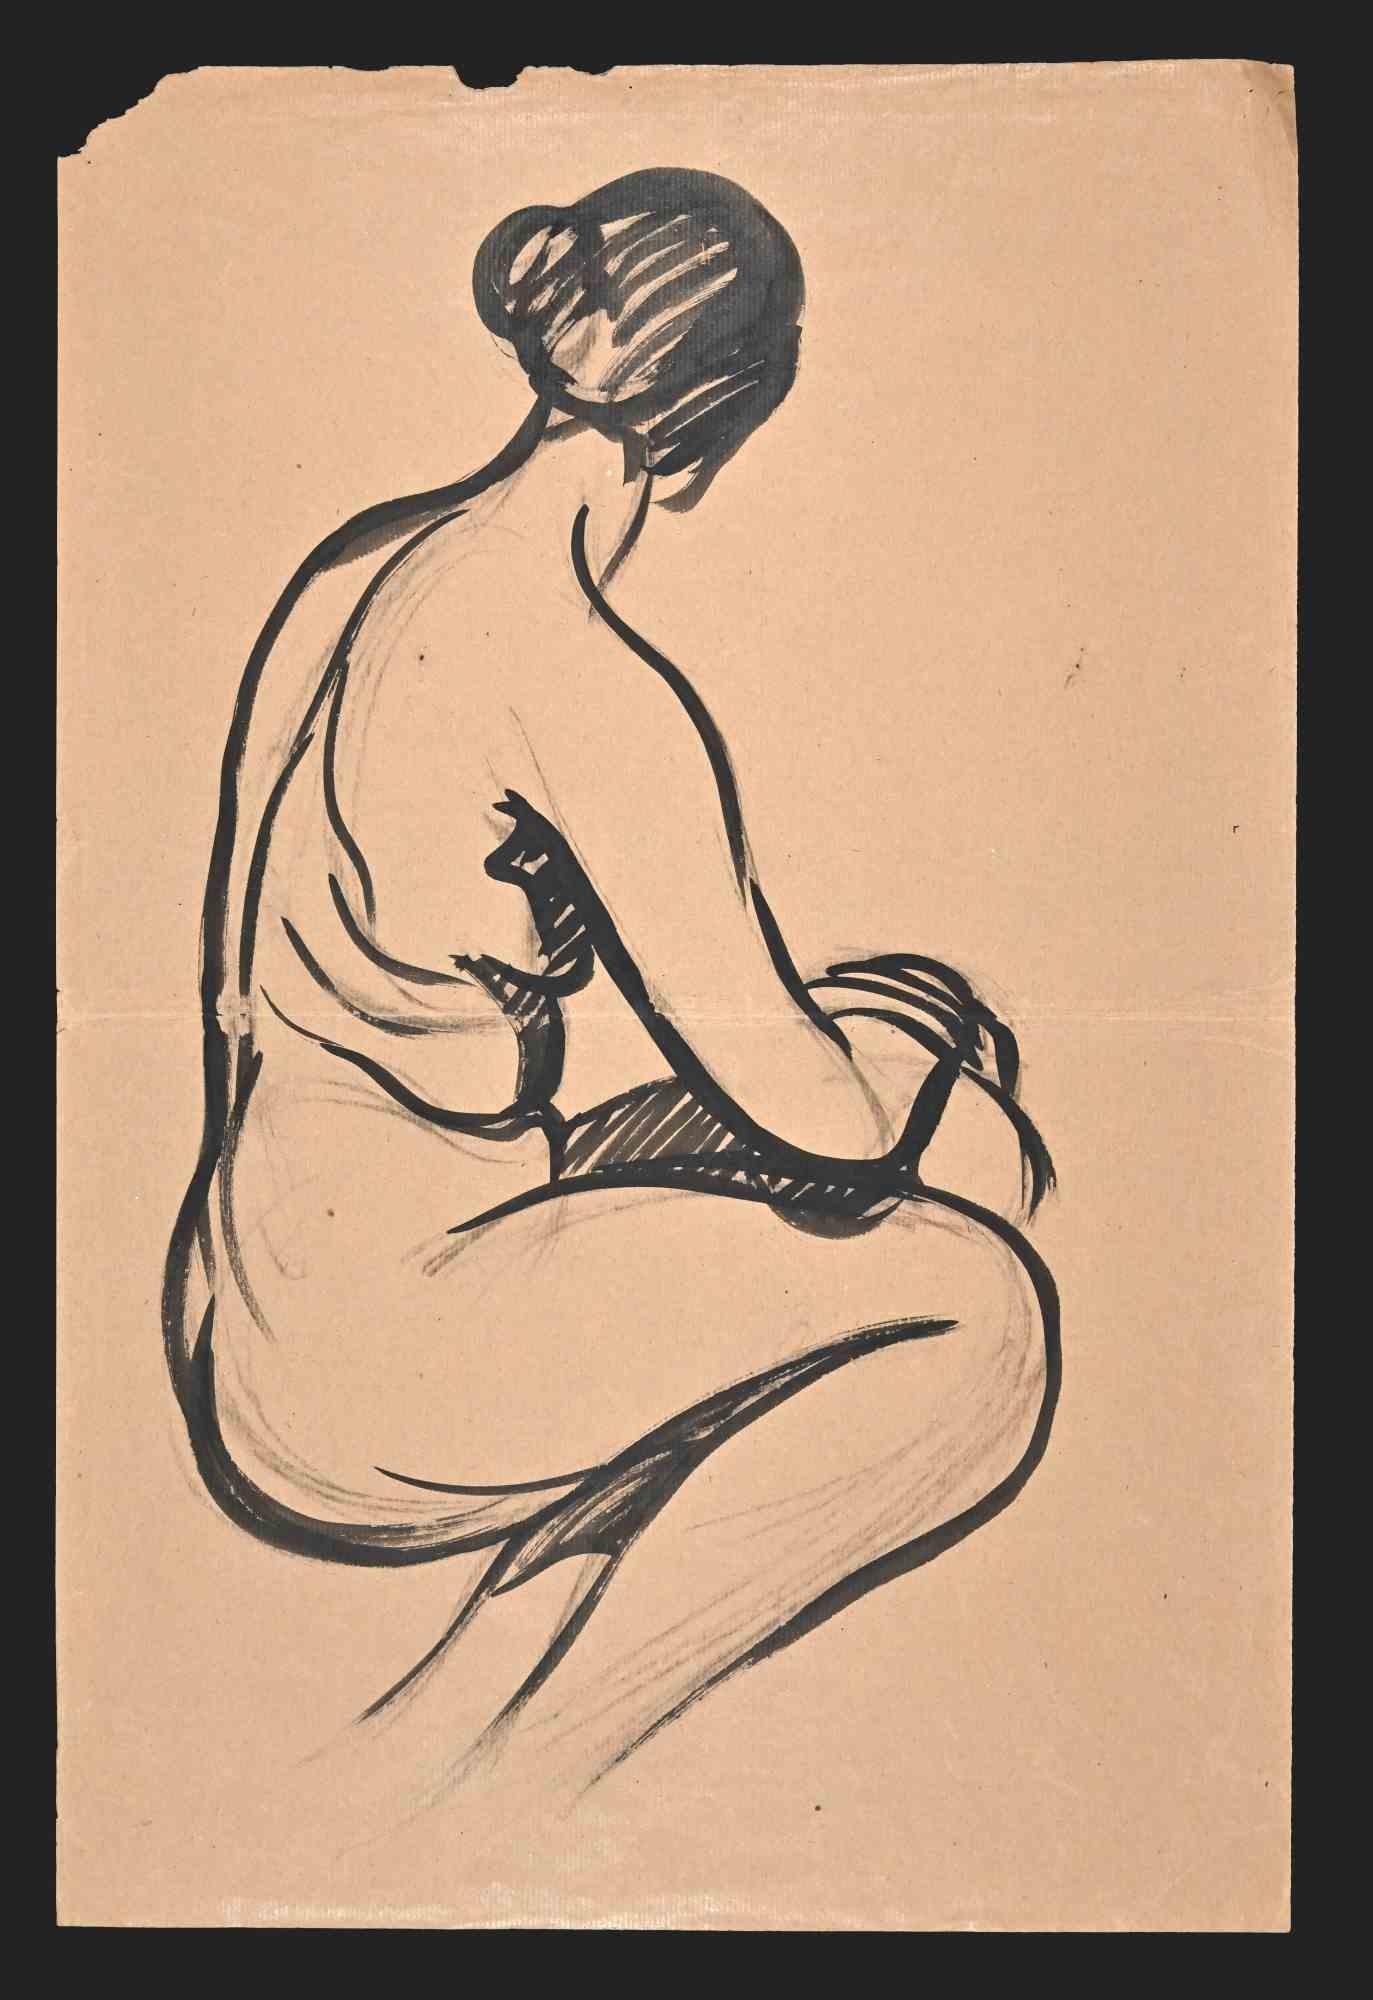 Reclined Nude ist eine Aquarellzeichnung, die Mitte des 20. Jahrhunderts von Jean Delpech (1916-1988) angefertigt wurde. 

Guter Zustand bis auf eine Faltung und ein kleines fehlendes Stück Papier am oberen Rand.

Das Kunstwerk wird in geschickten
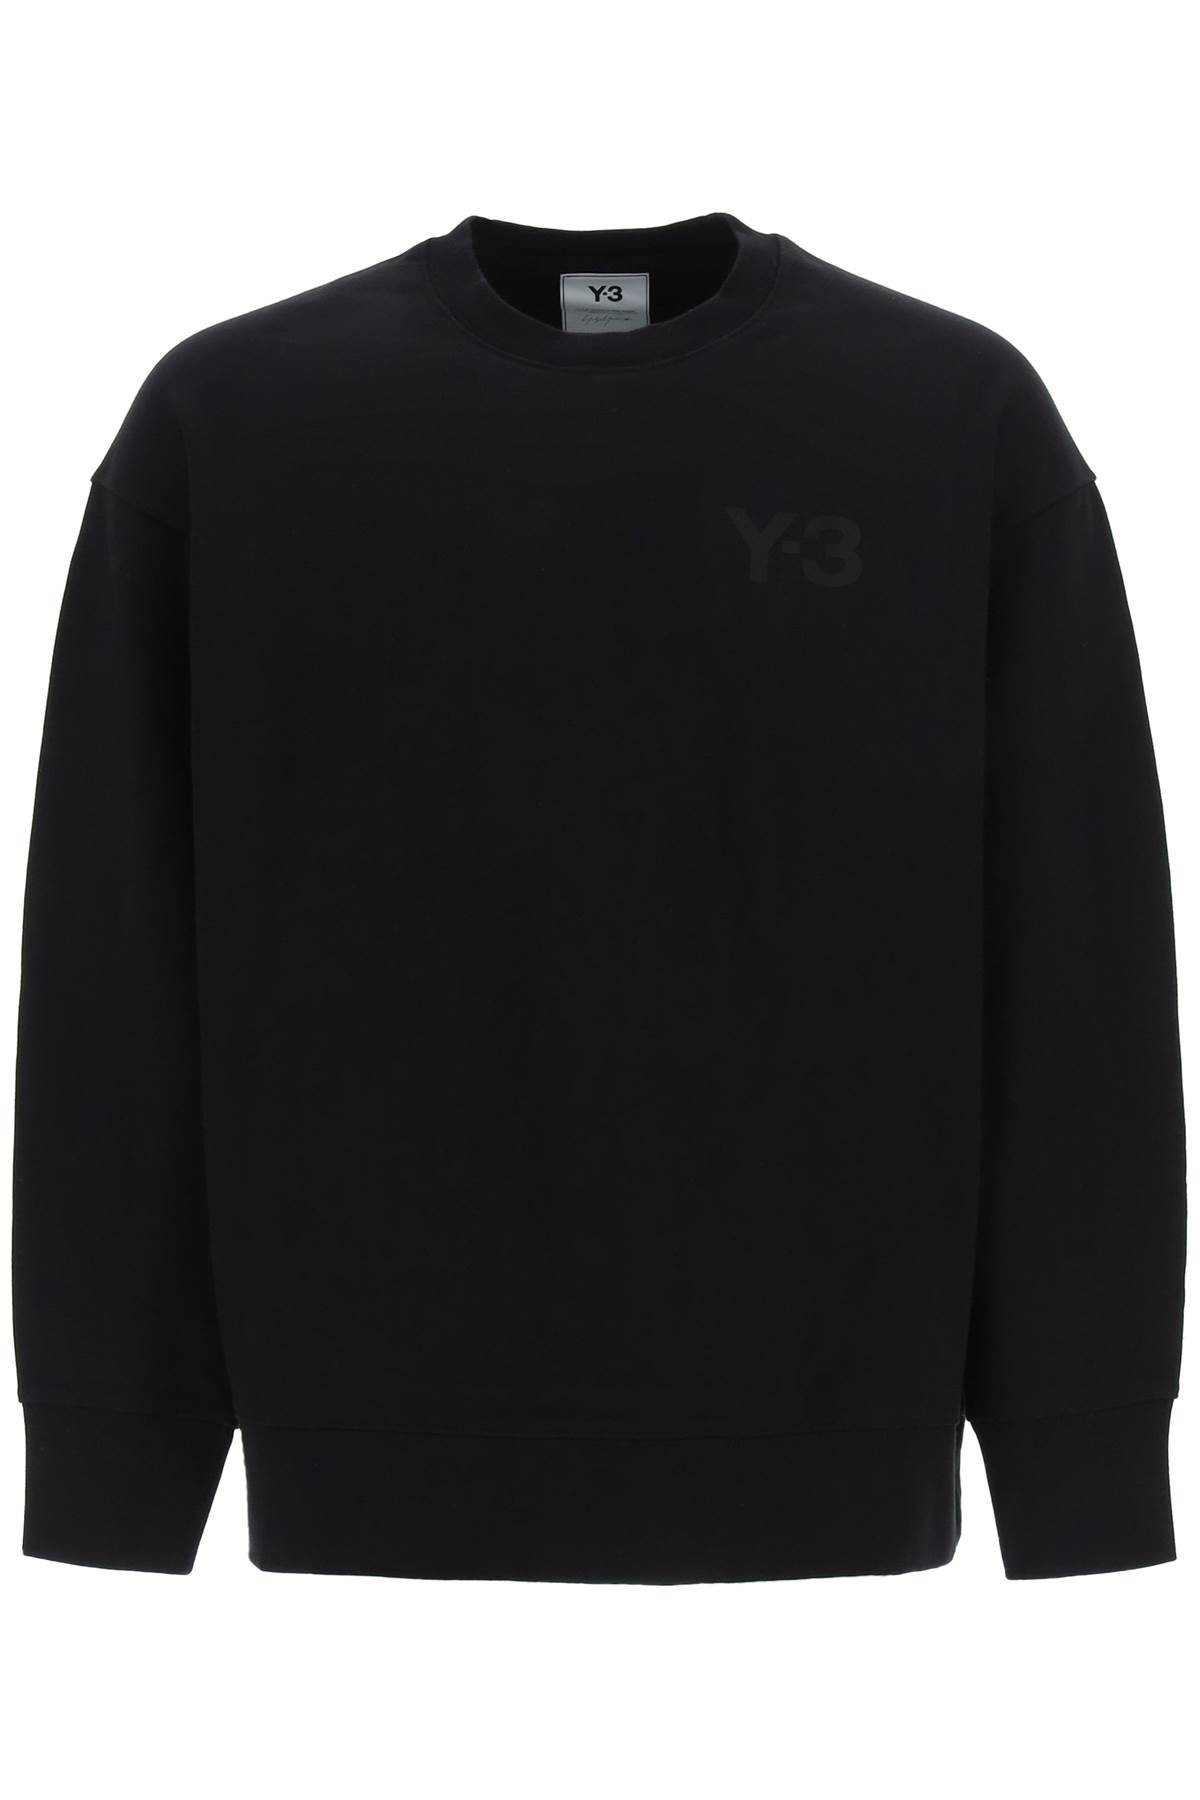 Y-3 Chest Logo Sweatshirt

____________________

What you should do -
Put each line of the listing above into the copy exactly, dropping the pictures.

Your response -
 Reclined Nude ist eine Aquarellzeichnung, die Mitte des 20. Jahrhunderts von Jean Delpech (1916-1988) angefertigt wurde. 

Guter Zustand bis auf eine Faltung und ein kleines fehlendes Stück Papier am oberen Rand.

Das Kunstwerk wird in geschickten
 Y-3 Chest Logo Sweatshirt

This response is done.